空を見上げた。意外な光景が、そこにはあった。
雪がやんでいる。つい先ほどまで降っていたのに。
魔物はこれで、本当に消えたのだと確信した。あれほど忌み嫌っていた力は、再びこの体に宿ったけれど。
――これで、いい。
“舞”も“まい”も、すべてあわせて川澄舞という人間なのだ。いくら辛くとも、苦しくとも、その二つをわけて過ごすなんて、してはいけない。
佐祐理と祐一の顔を思い浮かべる。大丈夫、この力があろうとも、あの二人とであれば、ずっとずっと歩いていける。そう確信する。
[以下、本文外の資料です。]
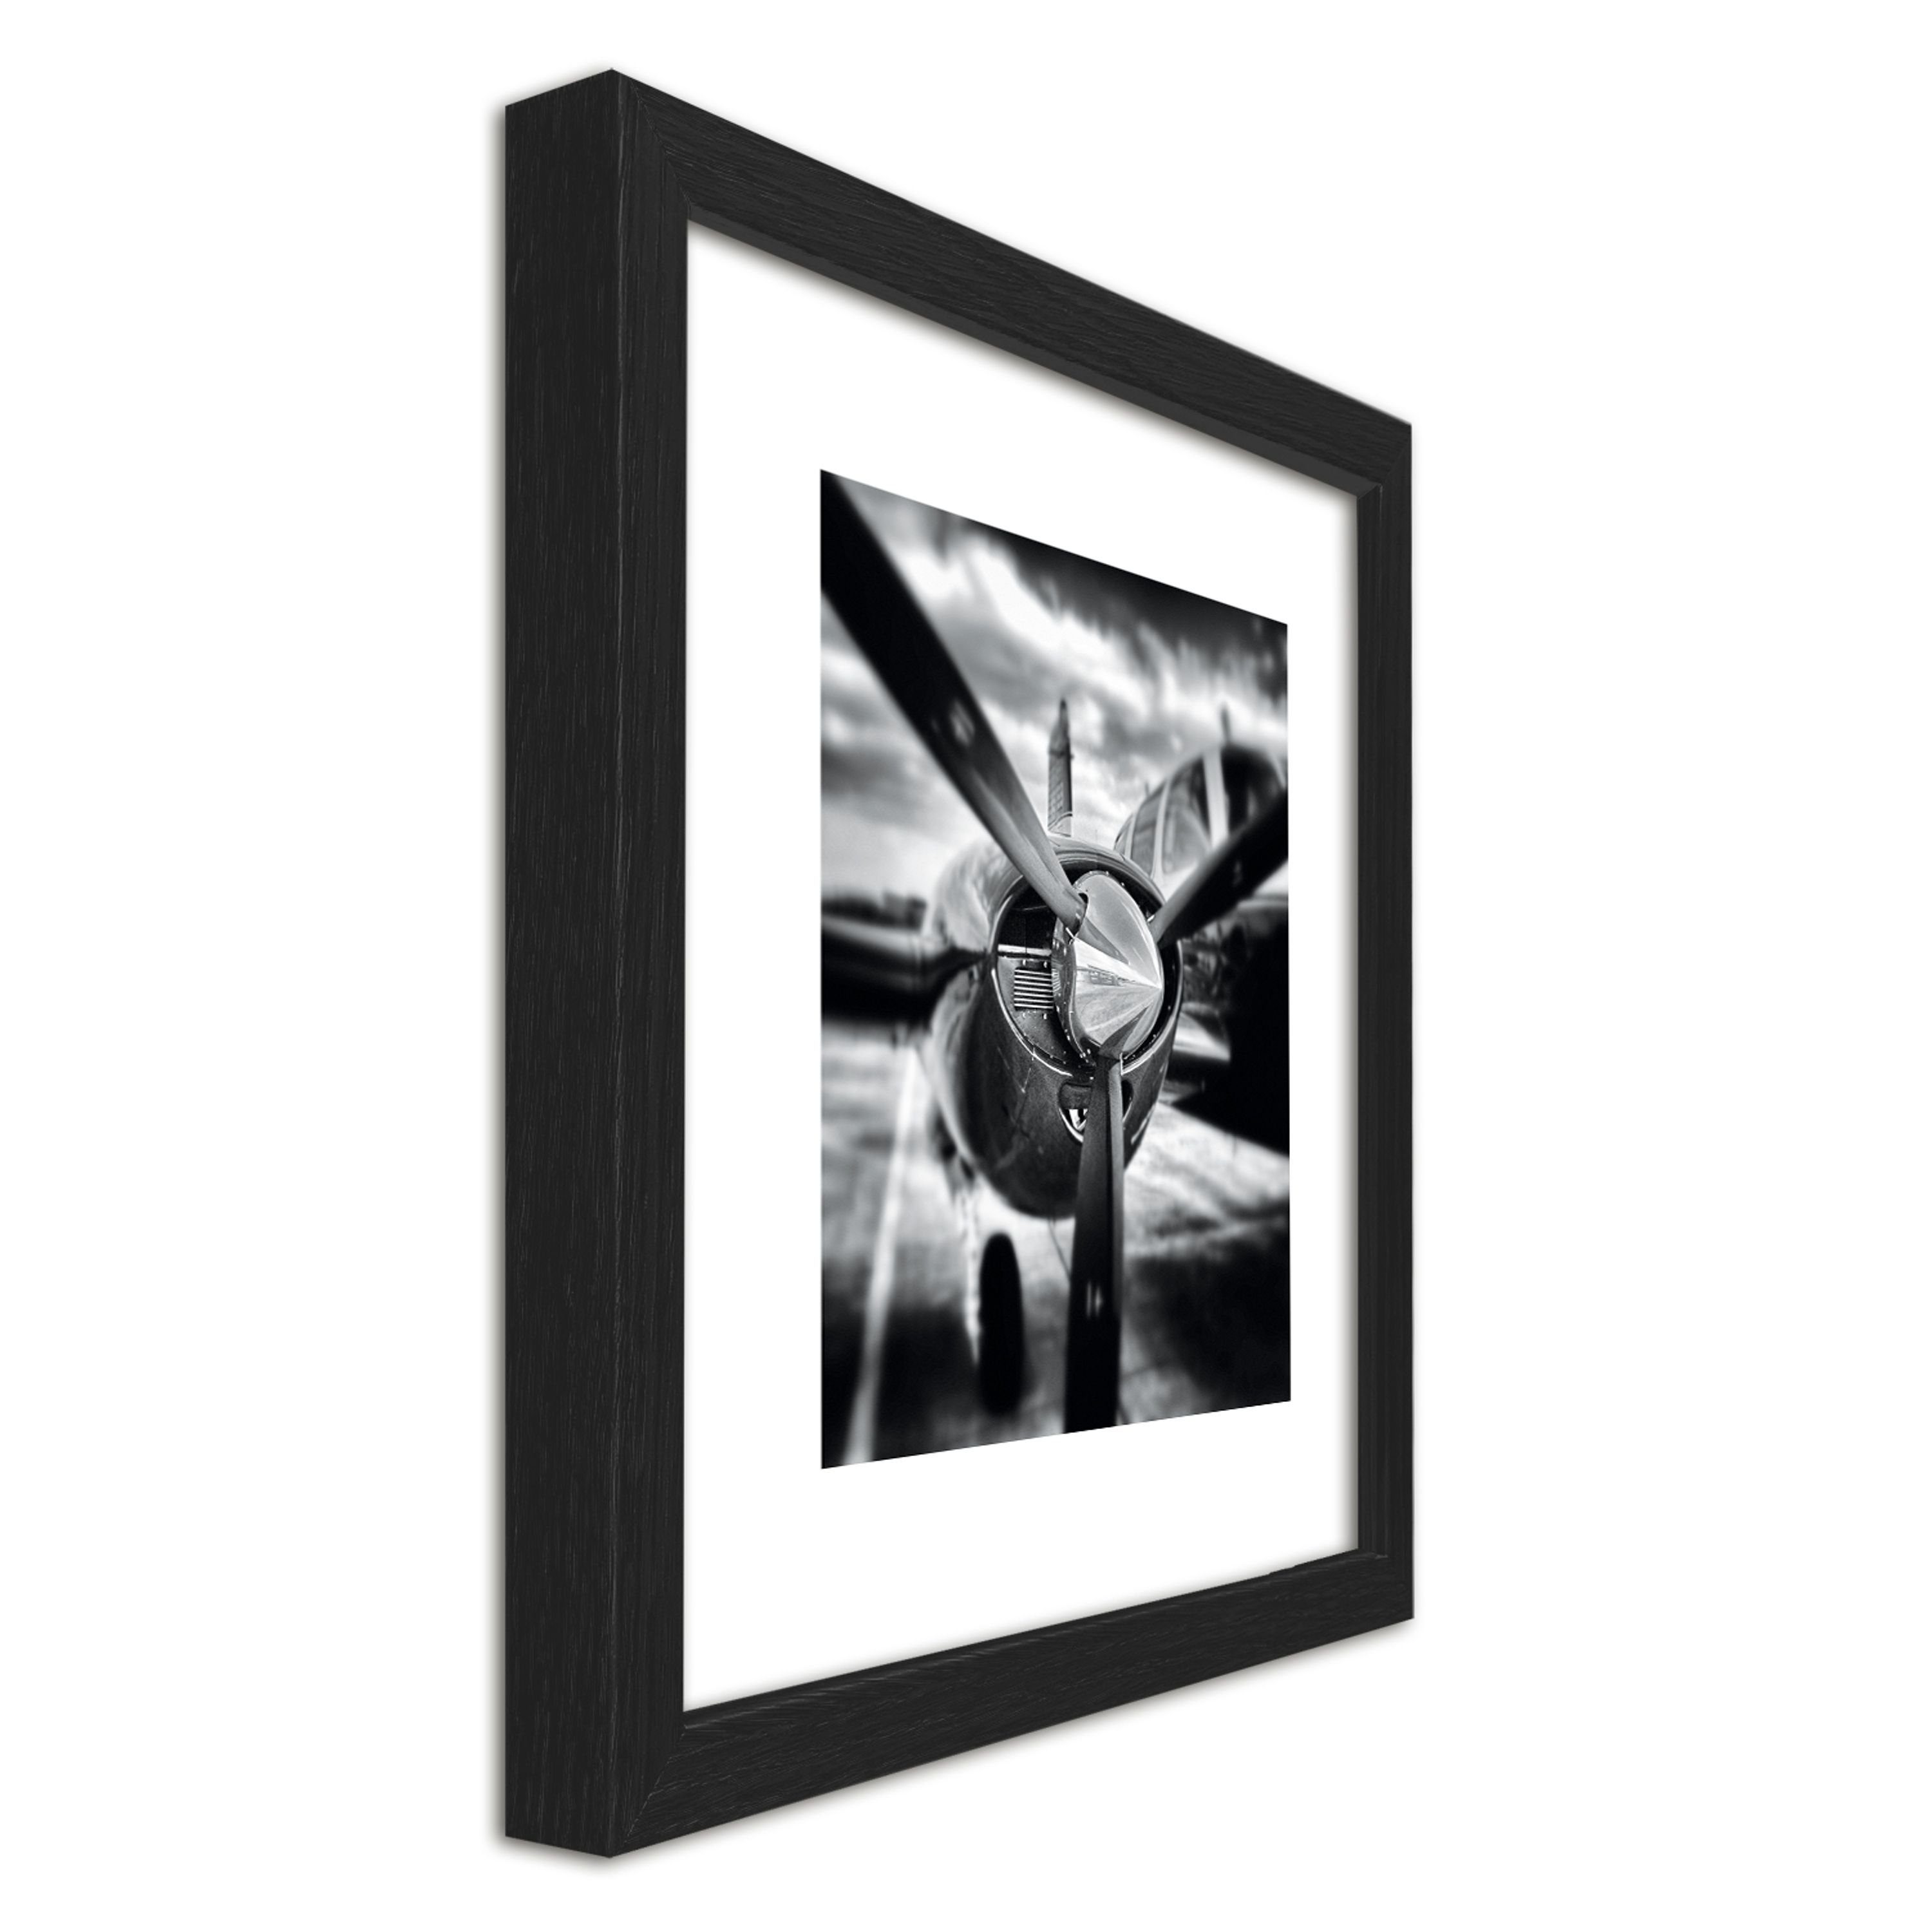 Bild Bild Holz-Rahmen / 30x30cm inkl. gerahmt Wandbild, Zeichnung: / mit II artissimo Flugzeuge Rahmen Design-Poster Schwarz-Weiß

舞は歩き出した。新たなる自分の第一歩。それは、二人の無事を確認すること。
空が白み始めていた。舞は屋上の柵から身を乗り出すようにして、落ち合う予定の校門を望み見た。小さな人影が、こちらに向かって手を振っている。その隣では、座り込んだ影が、肩を上下させて白く息を吐いていた。手を振っているのが佐祐理、座り込んでいるのが祐一だろう。二人の姿を見て、急に懐かしさがこみ上げてくるのを感じた。別れていたのは、ほんの数十分ほどなのに、どうしたのだろう。たぶん、夜の学校が非日常的すぎるのだ。
――今はただ、温もりが欲しい。
舞は思い切り手を振り返した。光が溢れそうになる地平線が、誰も見たことのない新たなる朝の訪れを、静かに指し示していた。